8. The Allahabad High Court, after making reference to S.C. Prashar''s case (supra), observed as under (sic) :
...If, before the period of limitation expired, by a statute the period of limitation is extended, then according to the observations of the Supreme
Court, it would be competent to the officer to pass the order of penalty.
On the facts of that case, the Full Bench decided the question in favour of the revenue. The Orissa High Court also considered the question of
amendment of section 275 in Commissioner of Income Tax Vs. Soubhagya Manjari Devi, Regarding the period during which a penalty could be
imposed, such a provision was held to be procedural. So far as the quantum is concerned, there was no question of retrospective operation of the
amending provisions. However, with regard to the procedural aspect, it was held that the law was clear that when there was any change in law,
pending proceedings were to be governed by new law.
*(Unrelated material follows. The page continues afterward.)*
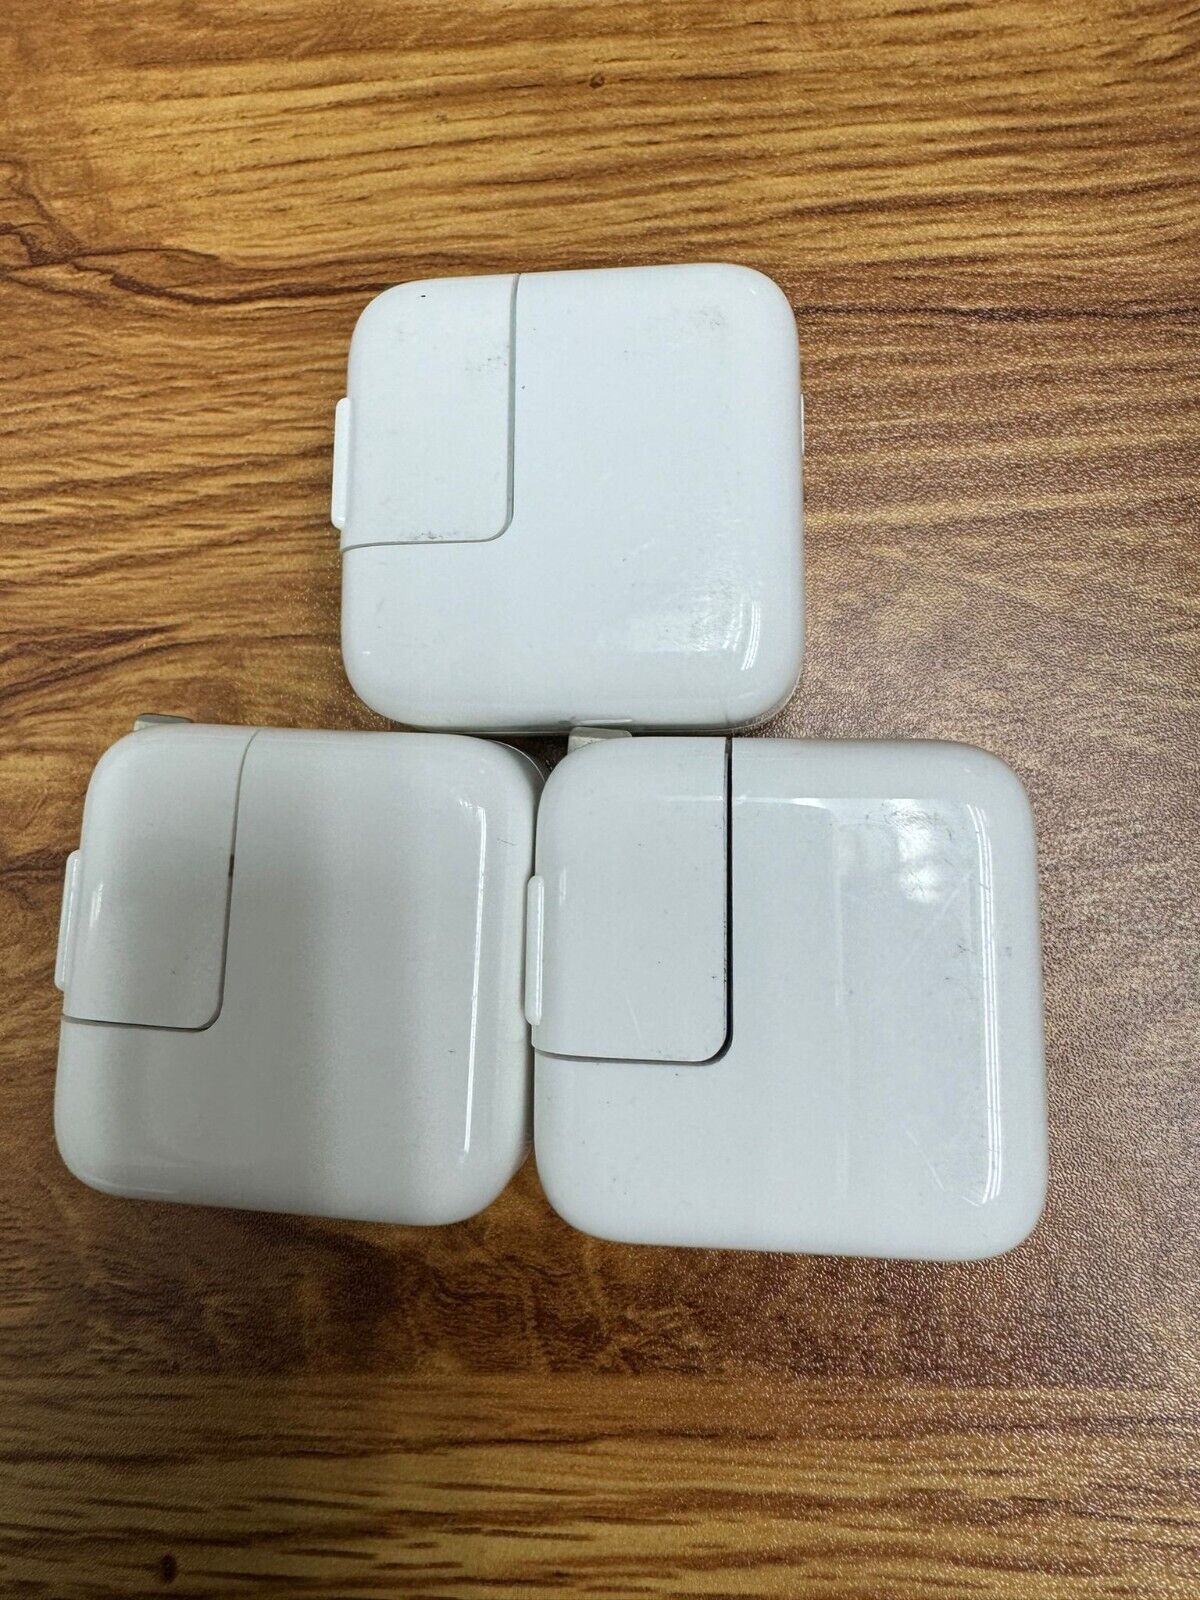 3 PACK Original Apple 12w USB Wall Charger Adapter OEM x3 charging cubes

On behalf of the petitioner, reliance has also been placed on the Division Bench judgment
of this Court in Commissioner of Wealth-tax Vs. Hira Lal Mehra, . Amendment of rule 1BB which subsequently came into force on 1-4-1979, as
provided under rule 2 of the Amending Rules though procedural, was held not to apply retrospectively to cases pending with regard to the
assessment cases prior to 1-4-1979. It may be observed that the ratio of this decision cannot be applied to the cases in hand as the aforesaid
amendment remained in force from 1-4-1979 to 31-3-1989, and it was held that during that period the said rule remained in force. The present
cases are fully covered by the ratio of the decision of the Supreme Court in S.C. Prashar''s case (supra), and the Full Bench decision of the
Andhra Pradesh High Court in Watan Mechanical & Turning Works'' case (supra). That being the position, the amending Act having come into
force before expiry of the period prescribed under the old Act, the notices issued could not be challenged as being time-barred and without
jurisdiction. Holding as above, the writ petitions are dismissed with liberty to the petitioners to take up any other point available to them while
complying with the notices issued u/s 147.